For those sensing elements which serve to detect bags having an outer contour which is reduced in size owing to an improper folding, the relations are inverted also as regards the elements for sensing the reference edge so that the reference edge-sensing elements cooperating with said error-sensing elements are suitably disposed before and behind the bag edge, respectively, in the direction of travel with respect to the bag body so that the switch controlled by them is already or still closed when the error range of the bag workpiece enters the sensing range.

The sensing elements may be suitably adjustable in the direction of conveyance of the machine.

Within the scope of the invention, mechanical feelers may be used as sensing elements. Such mechanical feelers are actuated by the arriving bag edge and are arranged either to close a contact or to open a previously closed contact. The feelers disposed at the inclined edges of the bag and at the ends of the leading edge of the bag close a contact while they are acted upon by the bag workpiece. These feelers are connected in known manner to a feeler which senses the intermediate portion of the leading or trailing edge of the bag and controls a contact which is open during the action of the bag workpiece on the latter feeler. The arrangement of the sensing elements will then determine the tolerance range. A high accuracy will be obtained because the feeler which responds to the leading or trailing edge of the bag eliminates the dependence on an accurate timing of the workpieces, as would be the case with a timing disc.

Within the scope of the invention, photoelectric sensing elements, preferably photodetectors for receiving reflected light, may be alternatively used, particularly in the path of the outer end closure halves, the ends of the leading edge of the bag, and the reference edges. The sensing elements in the path of the inner end closure halves may also consist of photodetectors for receiving reflected light and of stationary reflectors, which cooperate with said photodetectors and enter between the top wall of the bag and the end closure of the bag because the error ranges of the inclined edges of the inner end closure halves may also be photoelectrically sensed in this manner.

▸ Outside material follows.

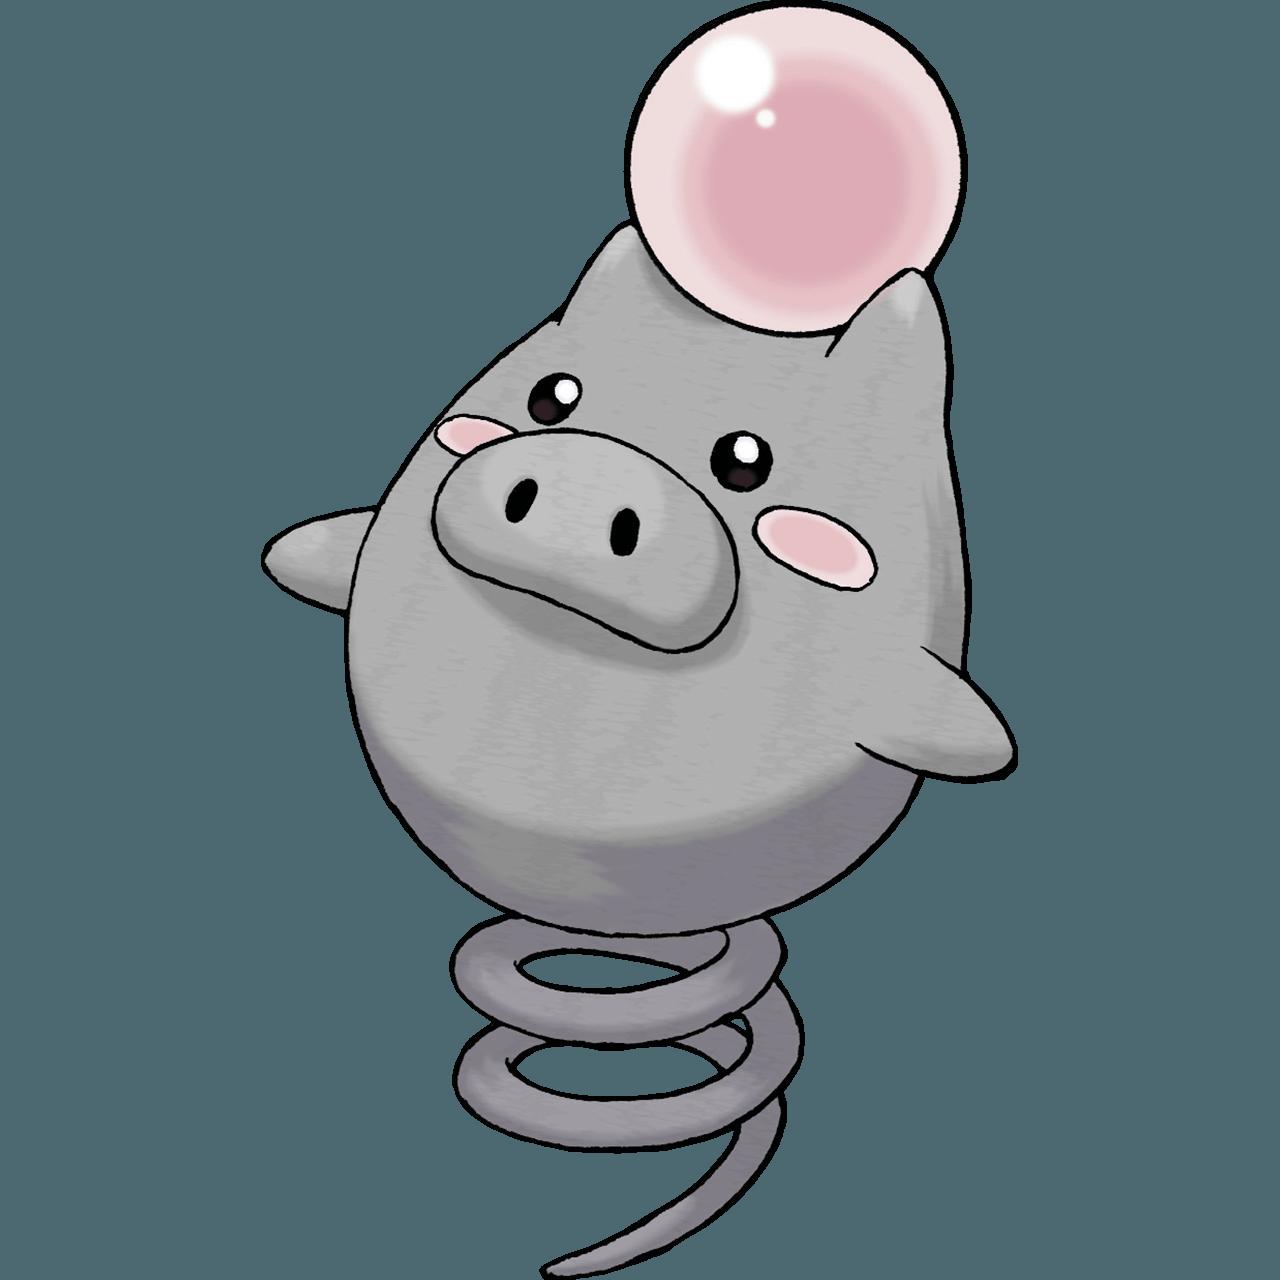 Spoink | Pokemon GO Wiki - GamePress

On the other hand, a source of radioactive radiation, preferably beta radiation, may be disposed in the sensing range, and a receiver, preferably a scintillation counter, may be disposed beyond the plane of travel of the workpieces and cooperate with a switch. Such arrangements for counting the number of plies of the bag workpieces may be used particularly for scan the error ranges of the inclined edges of the inner end closure halves or generally to indicate whether the number of plies differs from the normal number of plies at a certain point or in a certain area. Such sensing elements may be used to special advantage instead of the mechanical sensing elements used according to the above-mentioned prior proposal for sensing the inner edges of the crossed end closures. Different sensing elements may be used within the scope of the invention for detecting and rejecting bag workpieces which result when the spreading tools reversely fold the tube section end inwardly about the prescored center fold line of the end closure, as has been described hereinbefore, the end portion of the reversely folded part which lies on the bag body is then backfolded in the station for reversely folding the lateral end flaps, and an end patch is subsequently adhered to said end portion. As has also been mentioned hereinbefore, the prescored leading corner of the twice reversely folded, extreme outer end portion of the tube section of such defective workpieces may be backfolded before the end patch is adhered thereto so that an additional, third ply of the bag is folded on top.

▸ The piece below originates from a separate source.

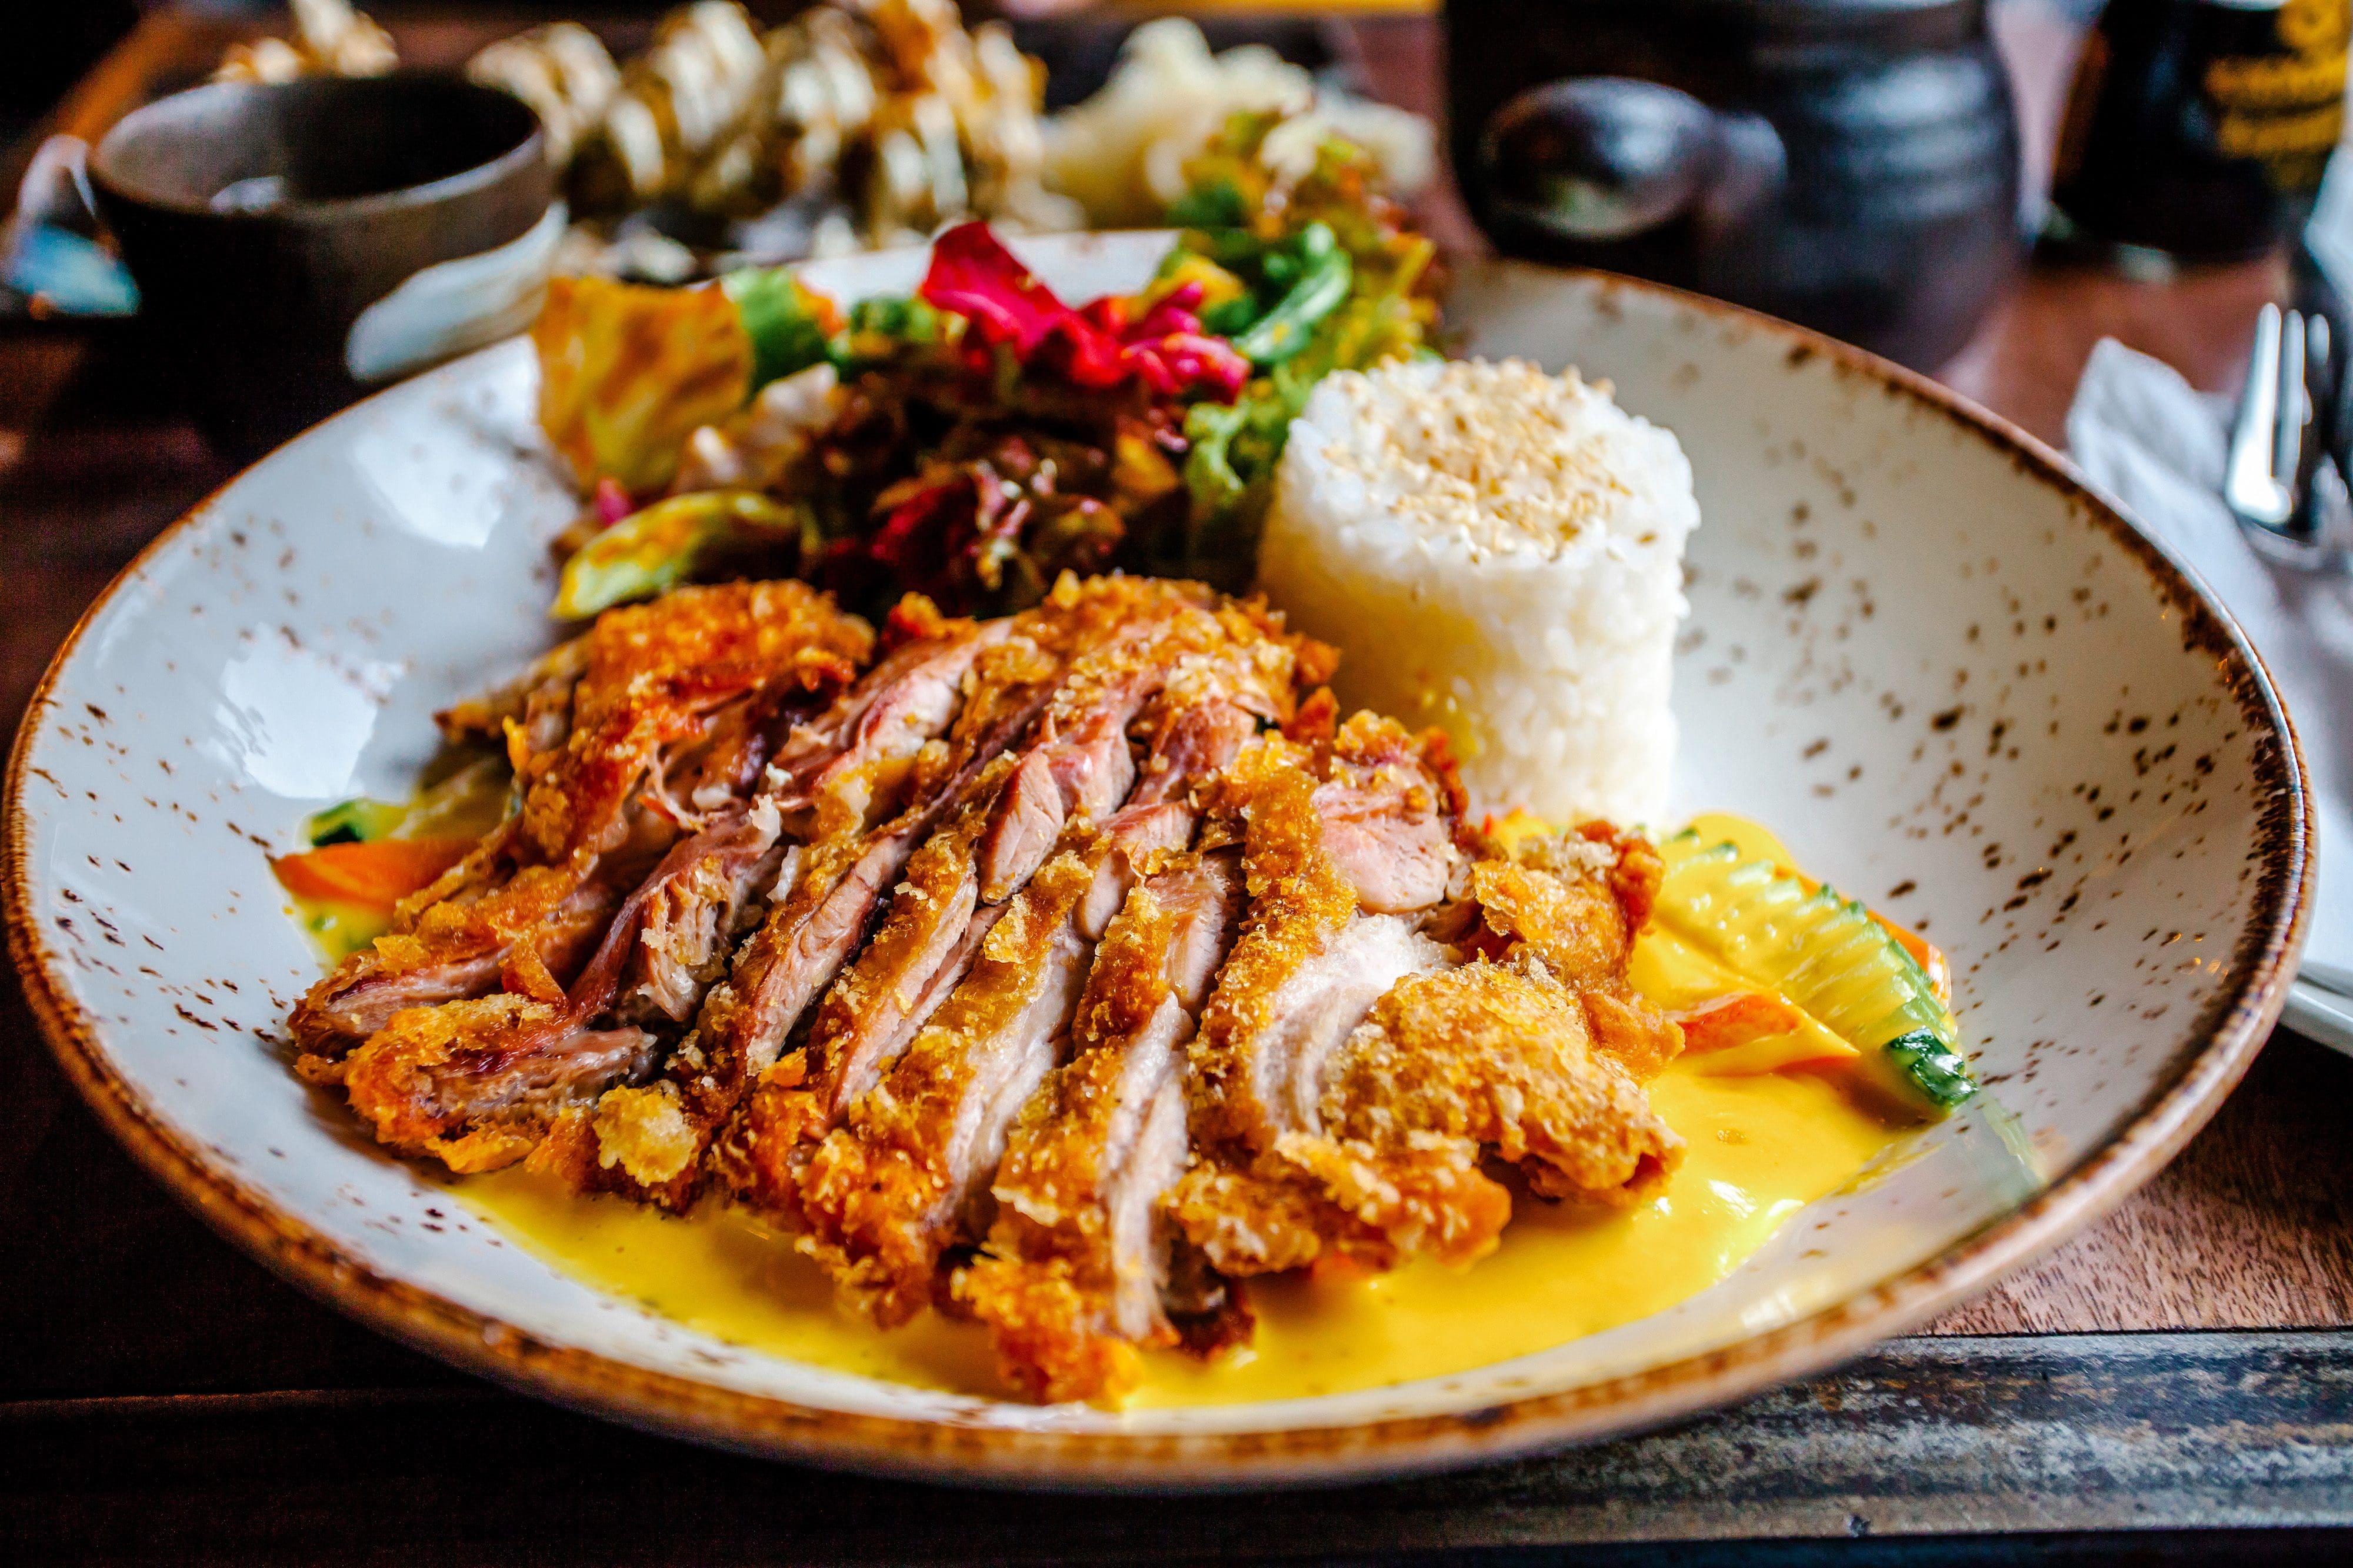 Macanese dish

Based on the recognition that such workpiece has no sheet material other than the end patch adjacent to the outer lateral end flap, the invention proposes to check the correct position of the outer end closure halves by sensing elements consisting of pairs of sensing rollers, which are provided at both ends of a double-armed lever, which is pivoted against spring force about an axis which is disposed, e.g., over the path of travel of the center line of the end closure and parallel to the latter, said lever operating by means ofa switch the deflector control circuit when the lever is pivotally moved beyond a predeter mined angle. These sensing elements are suitably mounted to be bodily pivotally movable against spring force about axes which are transverse to the direction of travel.

The invention will be described more fully hereinafter with reference to the accompanying drawings, which show an illustrative embodiment.

FIG. I is a diagrammatic top plan view showing a checking and rejecting device embodying the invention and incorporated in a bag-making machine.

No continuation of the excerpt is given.